In the Spring, we attended Retrouvaille.  What an intense, draining, but SO worthwhile venture.  It really helped for us to open doors and begin to heal as a couple.  It was the stepping stone for putting a seemingly broken marriage back together.

Just after our weekend, we began going weekly to a "Fireproof" study at a couple's house from our church.  It was incredible.  We felt like we could be open and honest with the others present.  We could bounce ideas and thoughts with ease and this lead to many deep conversations later between the two of us.
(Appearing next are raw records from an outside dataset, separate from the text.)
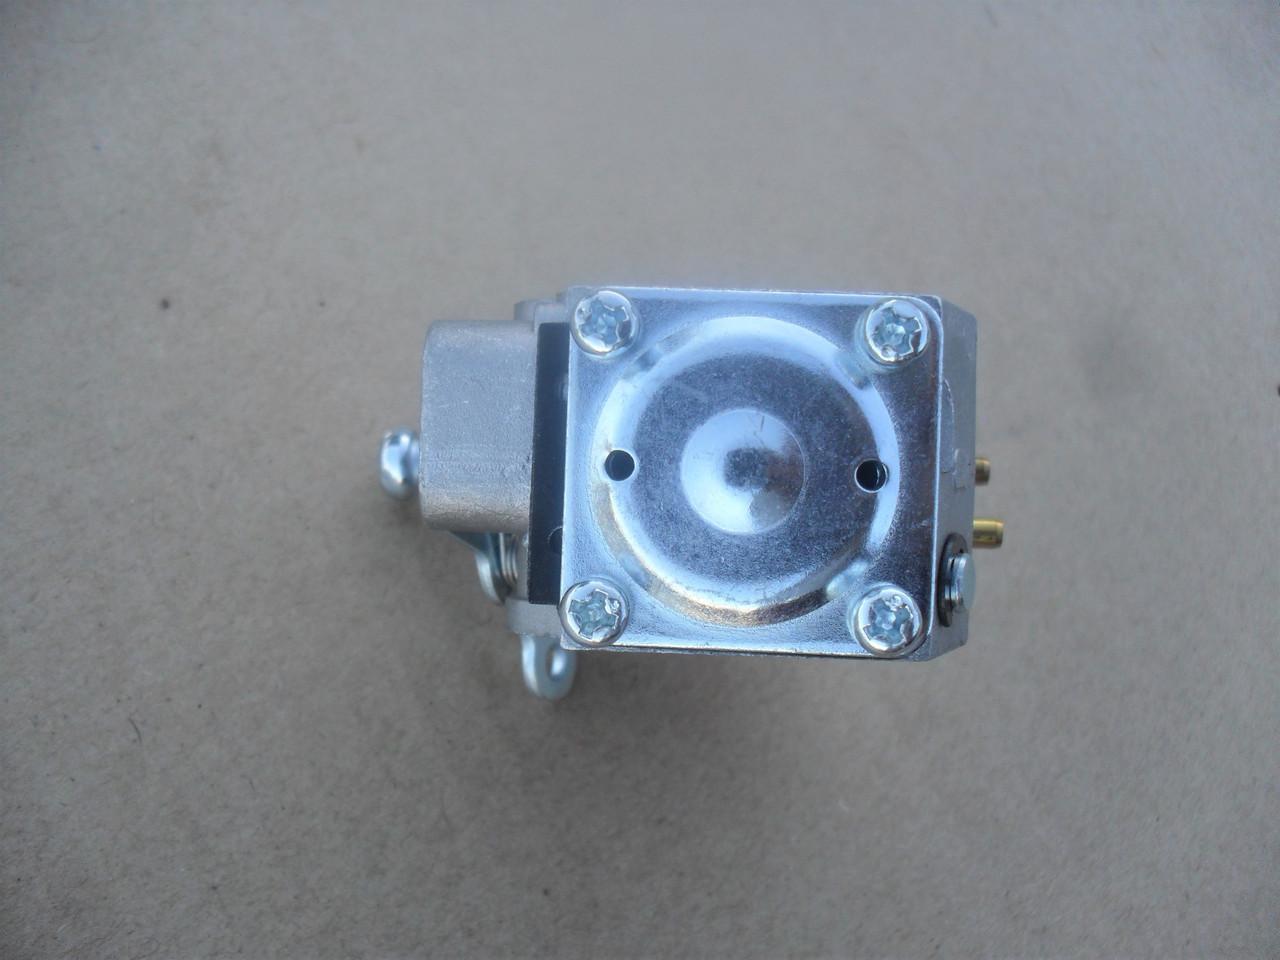 Carburetor for Bolens BL110, BL160, BL425, 753-06423, 753-06190, WT973, WT-973
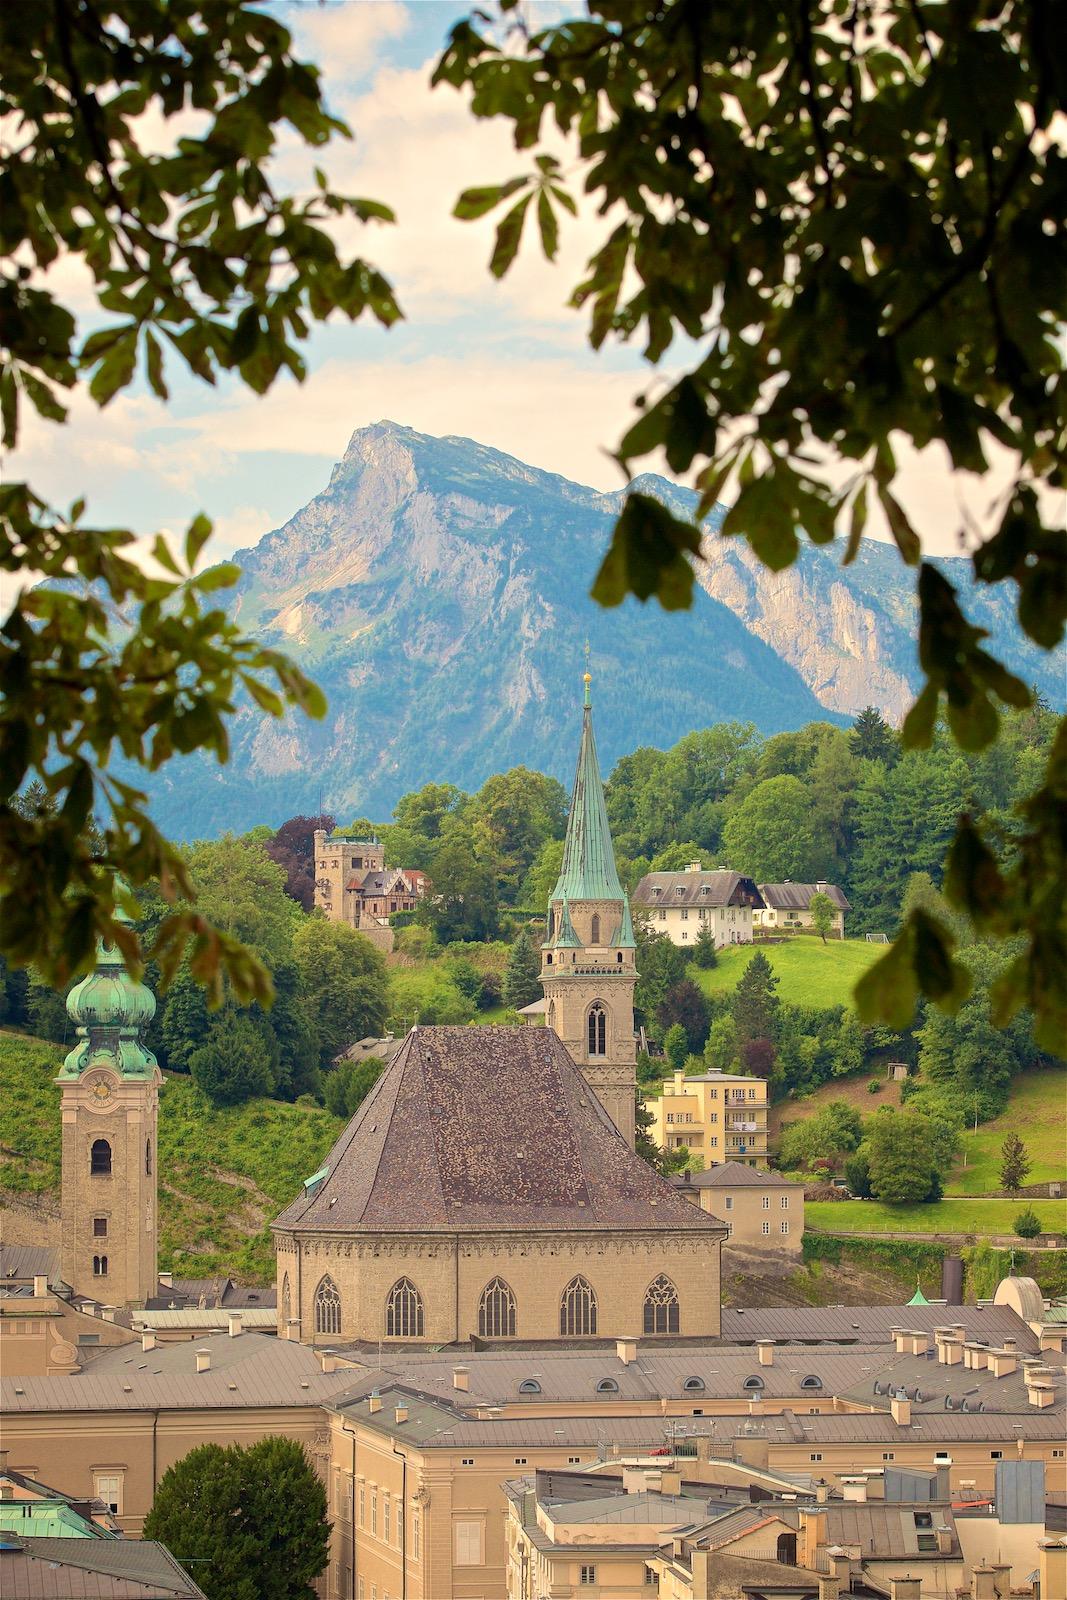 Salzburg rejseguide
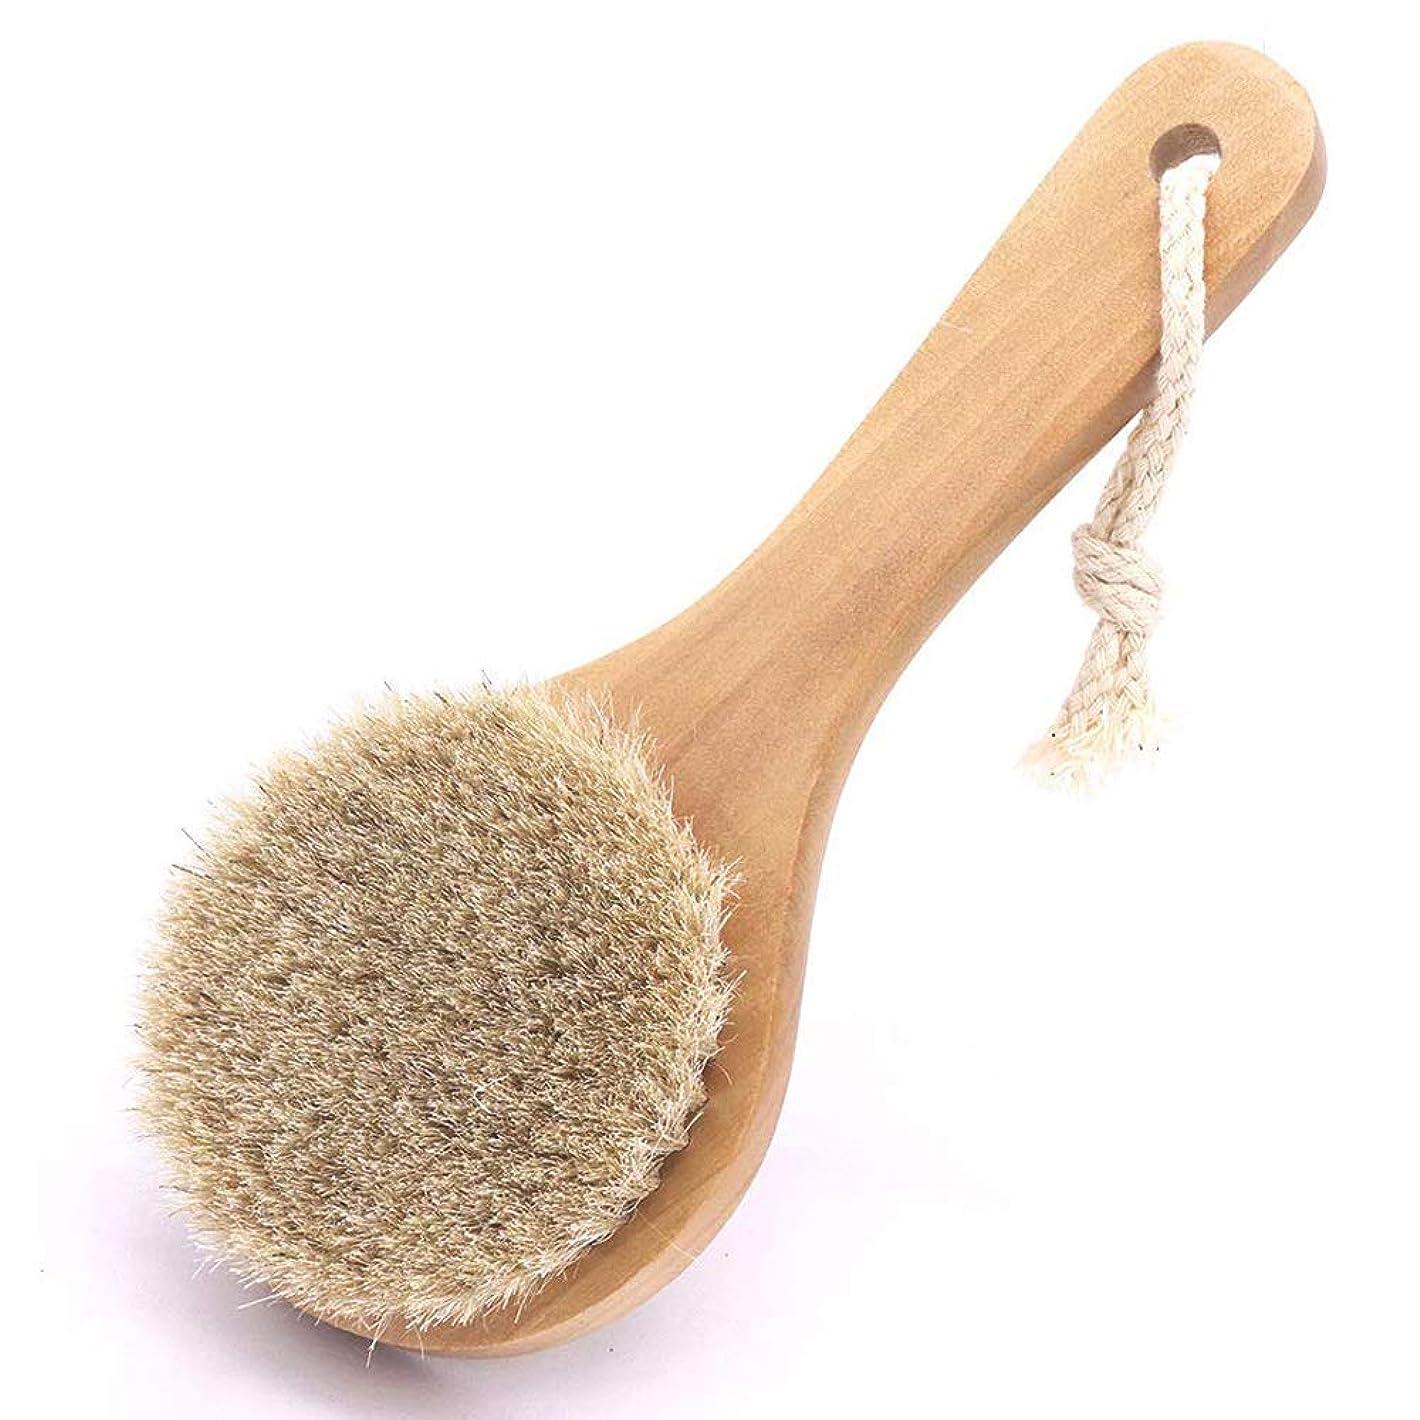 壊滅的なコンクリート識字馬毛ボディブラシ 木製 短柄 足を洗う お風呂用 体洗い 女性 角質除去 柔らかい 美肌 馬毛ボディブラシ

This was more than just the next step.  It provided us with more meat to chew on and bolted us forward to the commitment to reunite and begin anew.

While we were apart for those months, there were times things were maddening and frustrating.  But once we began to heal, thanks to strategies from Retrouvaille and strengthening through Fireproof, we were like a brand new couple rediscovering our likes and dislikes all over again.  That was really exciting.
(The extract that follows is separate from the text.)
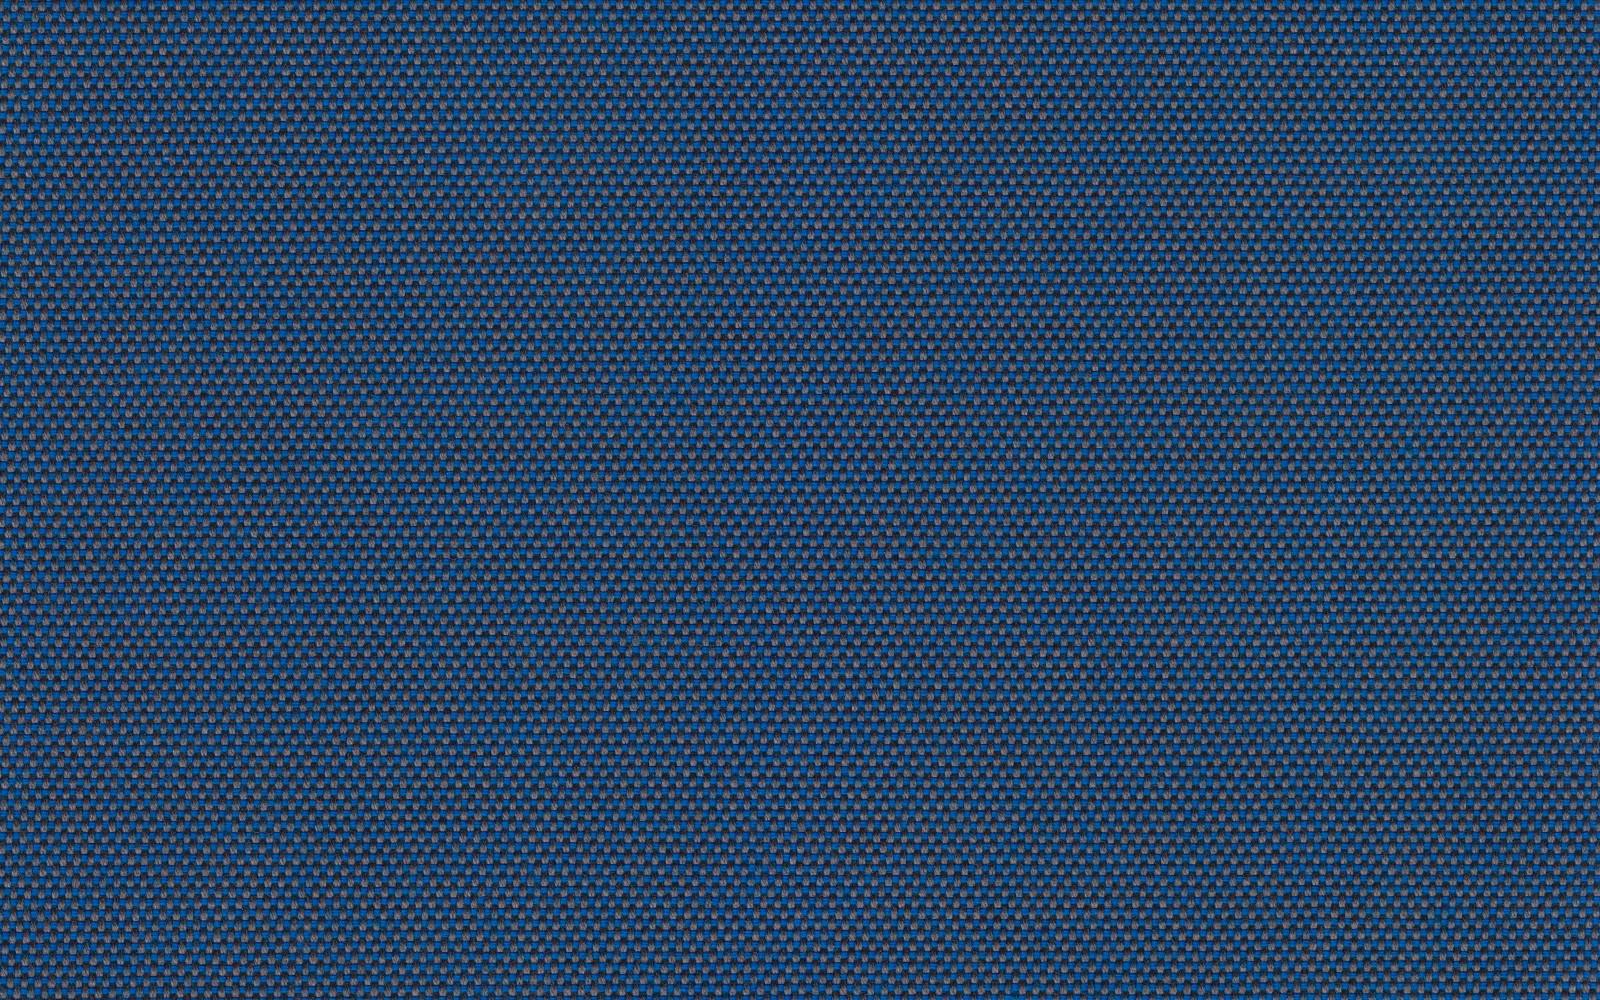 Blue1007

In September, we renewed our vows. The kids and us (minus our greyt pal, Spencer) headed for Bermuda.There was more anticipation for this event than when we said vows the first time around to each other.    We had a gorgeous place right on the south shore (thanks to amazing friends.)  It was our private getaway.  And the four of us - and God - celebrated the reunion.  It was a blessing, the entire trip, bumps and all.

This year, we saw through the tragedy, and the hurt.  We chose to work through it all and to give it all we had.  We couldn't let 20 years of friendship and 12 years of marriage slip away.  Now, we are more connected and alive in one another than ever before.

Then there is Spencer.  He has also brought this family together with a common goal... to please his majesty.  We have been so enjoying (most of the time) the antics of our new family member and the ability to share our love with him.

We feel like a new family.  We have been given a new start - dog and all- for the next amazing chapter of our life.  We are truly blessed and we are granted grace, all made possible by the One and only.   Our family would not be as it is if it weren't for the strength and love of Him, through Christ.

So as we prepare our home and our hearts this Christmas season, we reflect on the goodness of God.  His gifts to us are endless and we humbly stand before Him.  The most important gift, was His Son.  Christ was not born into earthly royalty.  He was born like many of us - into a working class home.  He didn't have all the luxuries nor did he have the wealth.  Yet, Christ was focused here on earth and lived a flawless, bountiful and grace-filled life, showing compassion and reverence where ever it was due.  And ultimately, He died for our sins.  He bore our pain, guilt and shame.  Can you imagine a parent allowing their child to be tortured, ridiculed and raised on a cross like a common thief?  Would you do that?  Would you sacrifice your son or daughter if it meant that others would be free and could have a relationship with you because of this death?

Again, what a gift this season is and it was given to us at a high cost.